Taiwanese American cinema could exist to dictate a shared history, to turn in-jokes, rumor, and mutual friends into something like a historical patchwork. A Taiwanese American from Alhambra and one from Flushing, or one from Austin or Chapel Hill, may not share much outside the home, but they may have heard a common story or perhaps was a protagonist in one. The story’s setting has an official-sounding name: the Overseas Compatriot Youth Taiwan Study Tour. But it has another name, usually whispered with a smile or wink: Love Boat. Especially for the generation coming of age in the 90s and 2000s, the Taiwan-set Love Boat was where parents sent their kids to learn Mandarin and Chinese history – and perhaps find love with a fellow overseas Chinese. Gossip and legends abound. Documentarian Valerie Soe collects many and weaves them into the political history, spinning a spiritual reunion of Taiwanese Americans across states and generations.

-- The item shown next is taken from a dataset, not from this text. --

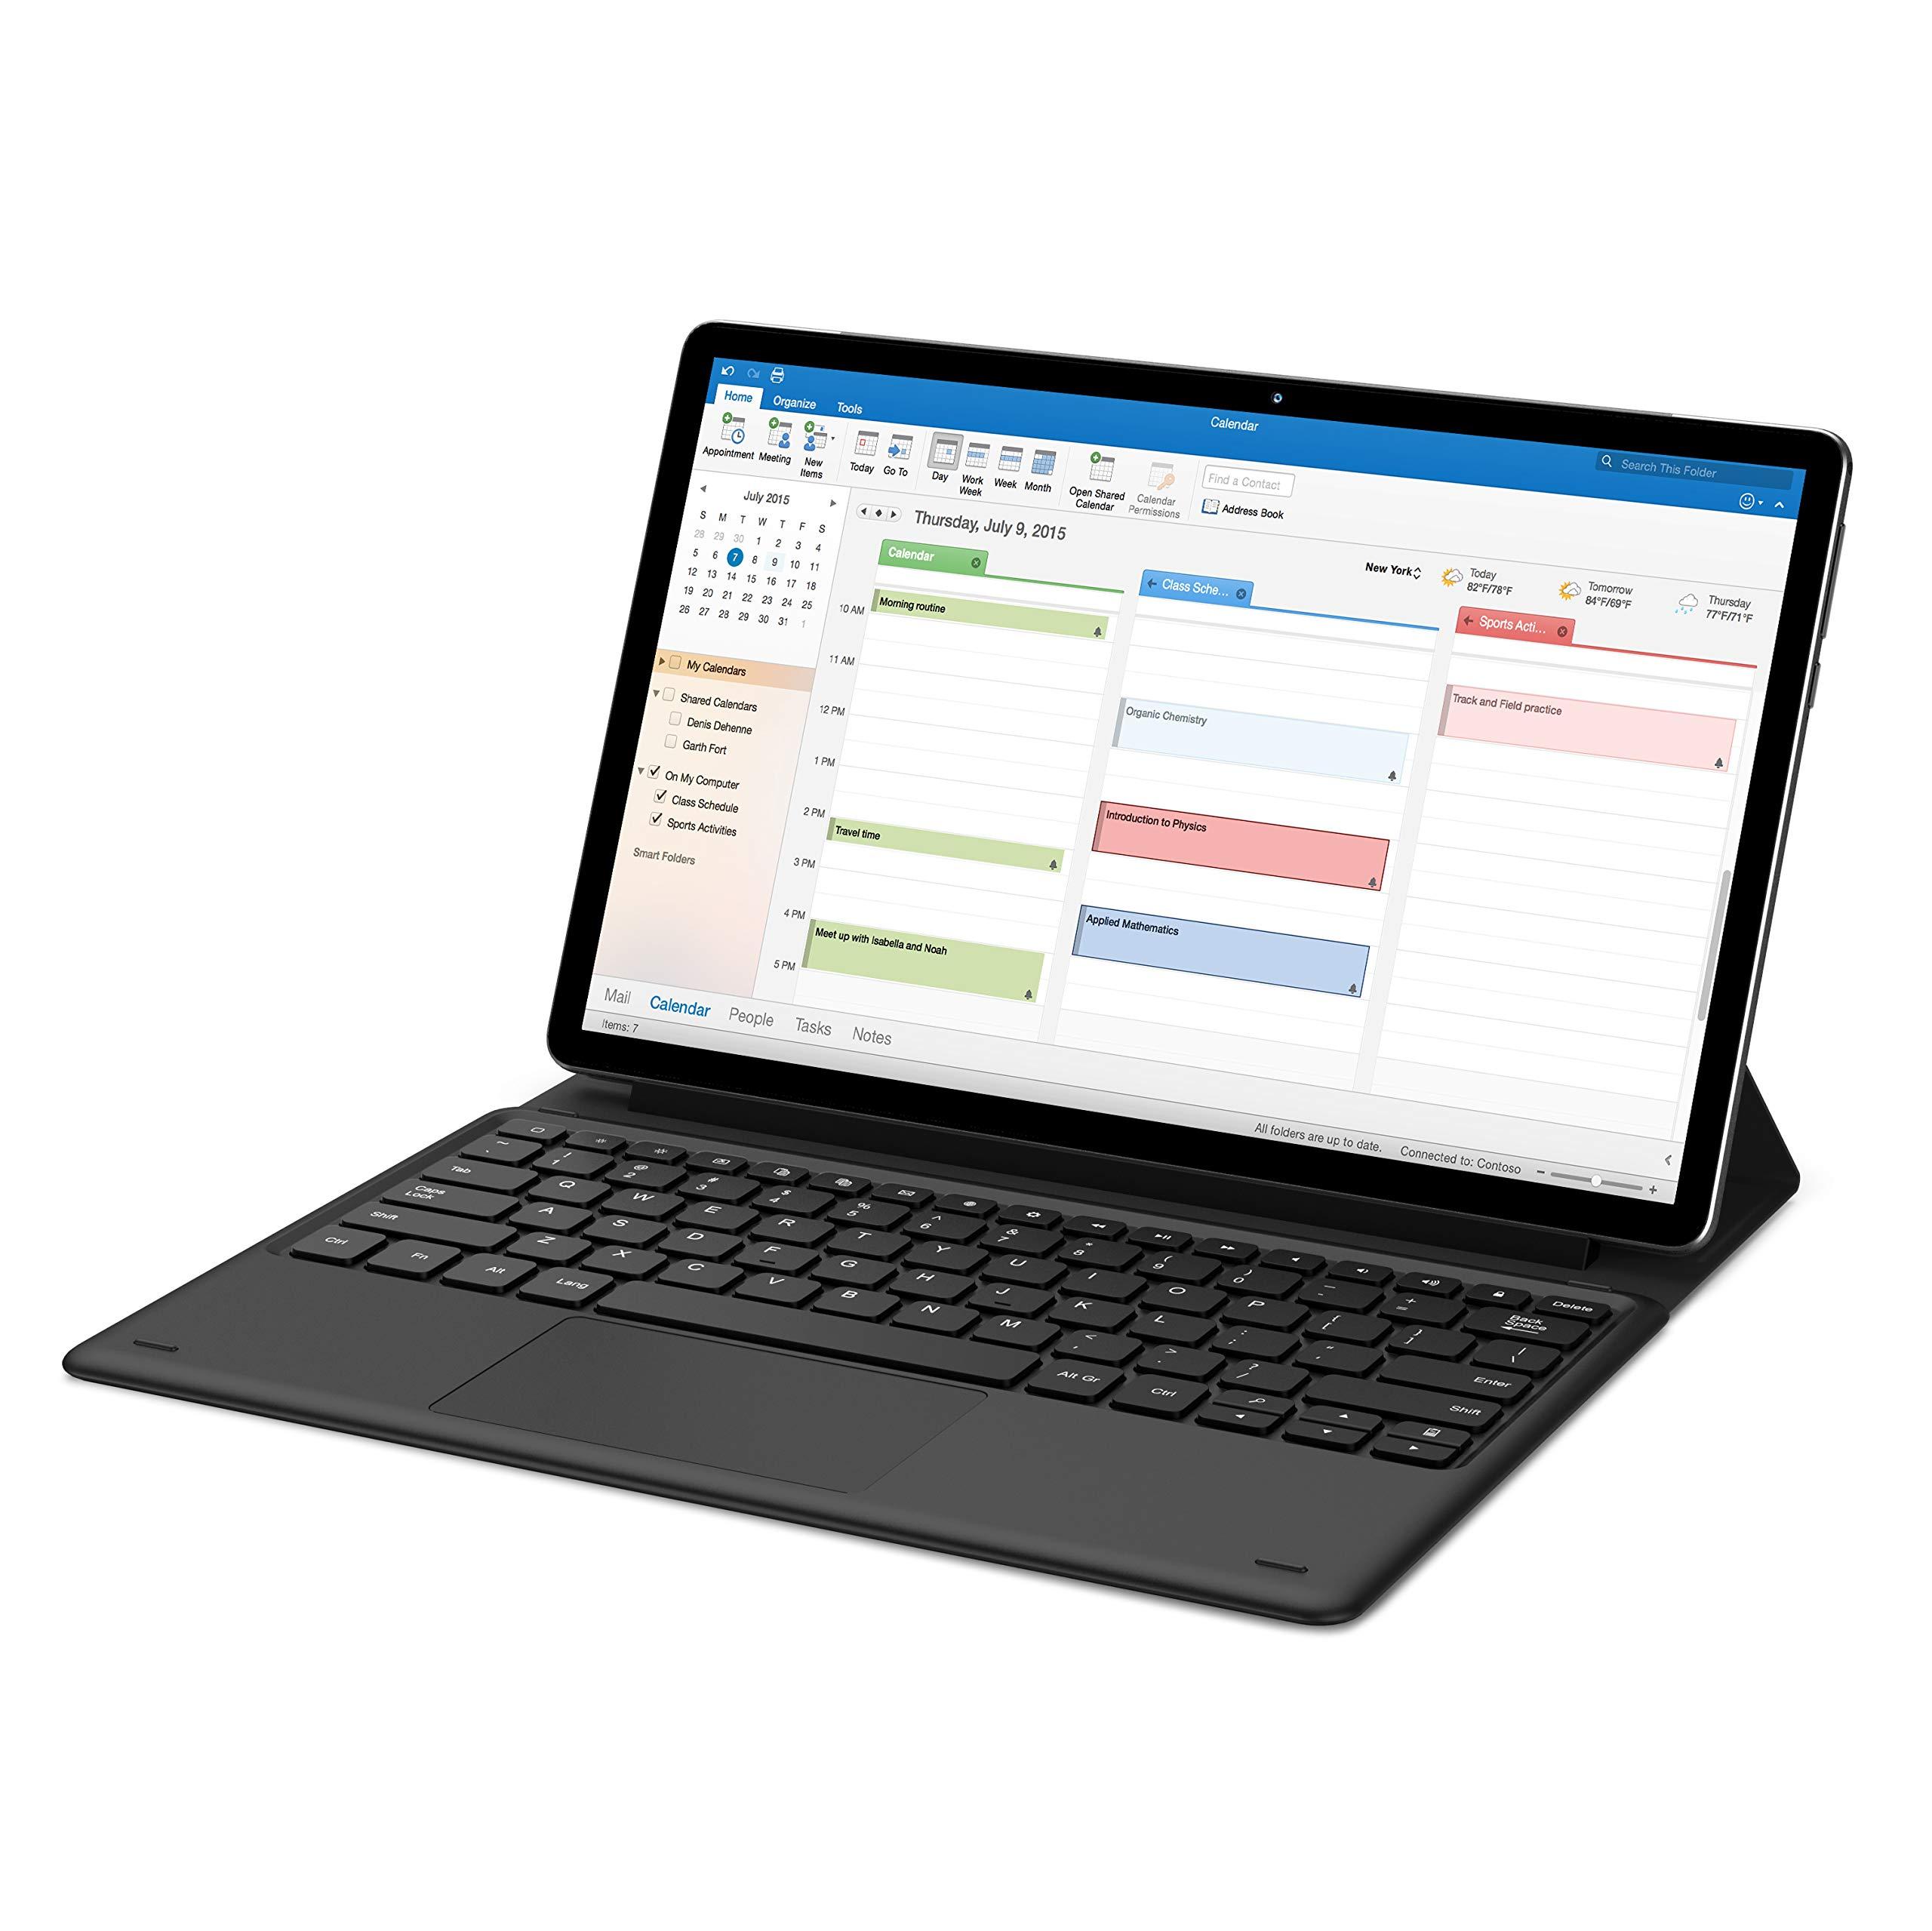 TECLAST TLM16 Teclados para Tablet PC M16 Teclado Inalámbrico Portátil Ultraligero y Delgado para TECLAST Tablet M16: Amazon.es: Informática

The Half of It (Alice Wu, 2020)

It took 16 years for director Alice Wu to follow-up her debut, the classic Saving Face, which made stars of Lynn Chen and Michelle Krusiec. It well worth the wait. The Half of It is just as rom and just as com, and turns an age-old Cyrano de Bergerac tale into a Tribeca-winning charmer for all: YA readers, queer cinema romantics, and in May 2020 when it dropped on Netflix, a country needing just this story of secret longing and family togetherness to get through those early pandemic months. 

Tigertail (Alan Yang, 2020)

In 2020, Parks and Recreation and Master of None writer Alan Yang turned inward to explore the Taiwanese immigrant experience. Self-consciously citing the masters – Edward Yang and Hou Hsiao-hsien in particular – he imagines the Taiwan of his parents’ generation, and the move from Yunlin County to the U.S. Stars from both industries populate this dream project: Yang Kuei-mei and Tzi Ma, James Saito and Hayden Szeto. Joan Chen steals the show, as she does. As far as explicitly Taiwanese American films go, few have commanded the attention of Tigertail.

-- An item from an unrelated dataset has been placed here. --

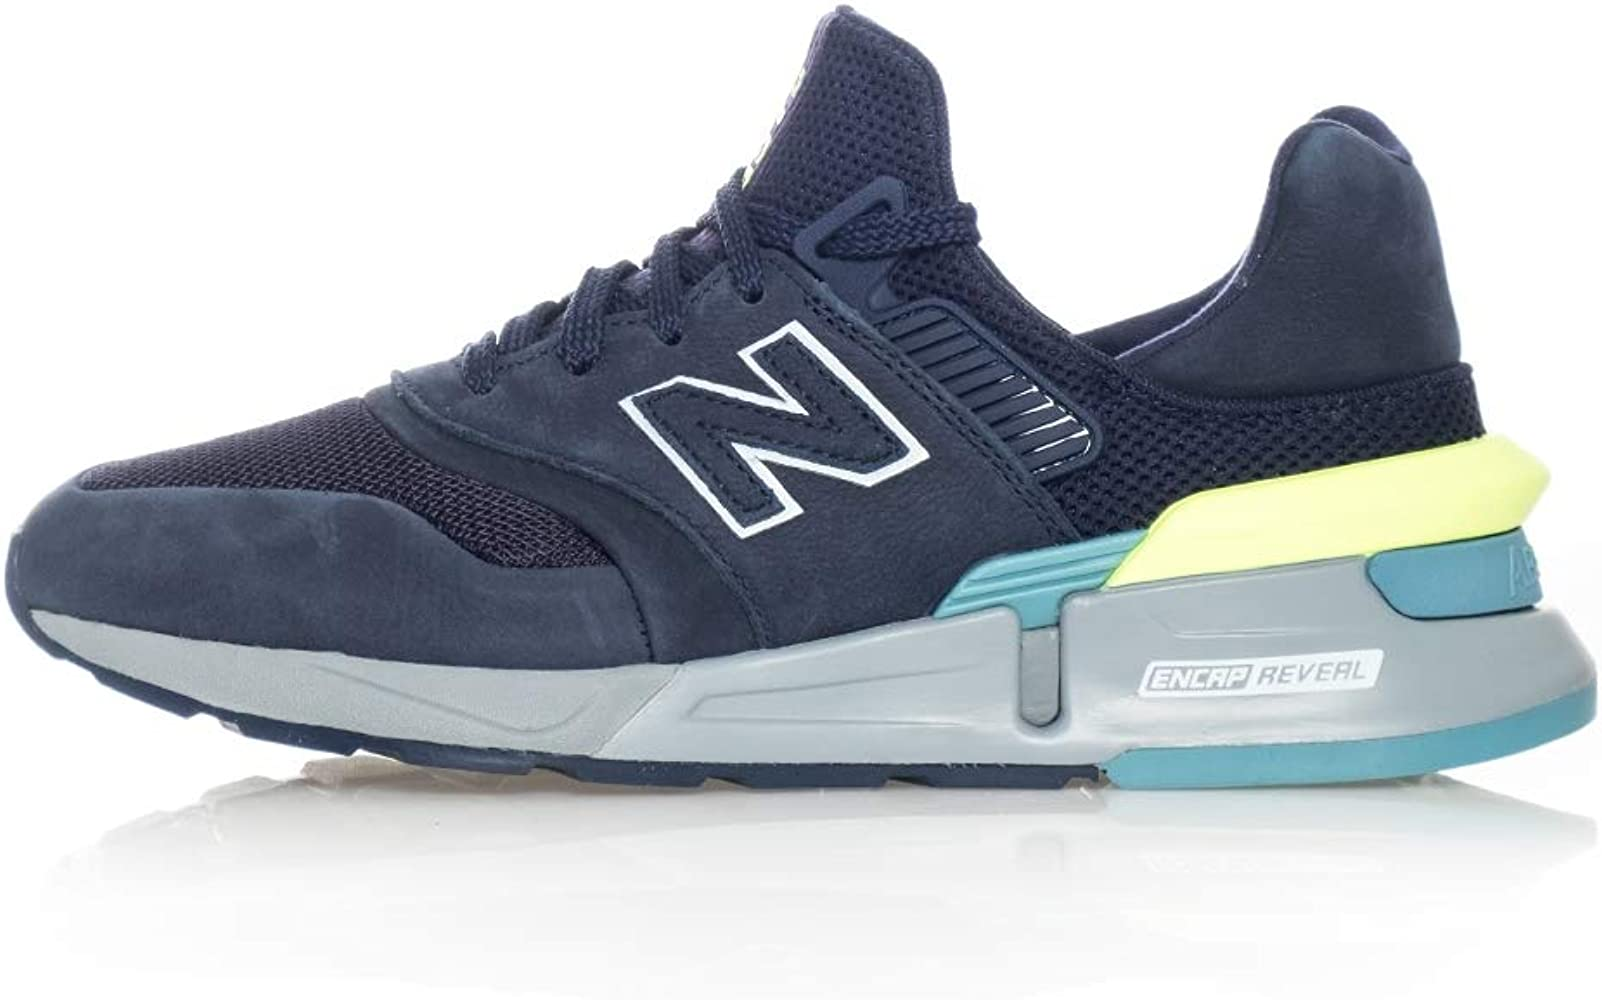 Amazon.com: New Balance 997 - Zapatillas para hombre, 9 ...

American Girl (Feng-I Fiona Roan, 2021)

An autobiographical story of a young Taiwanese American brought back to Taiwan after her mother is diagnosed with cancer, American Girl is the most organic synthesis of Taiwanese American and Taiwanese cinematic traditions and sensibilities since The Wedding Banquet. It does so by remaining authentic to director Feng-I Fiona Roan’s experience: the recollections of SARS-era Taiwan, the details of code-switching, the trauma of being back in school in Taiwan, the way culture and migration stir minor fissures in a family at its most fragile moment. The film certainly resonated in Taiwan, where it won best new director and best original screenplay at the Golden Horse Awards.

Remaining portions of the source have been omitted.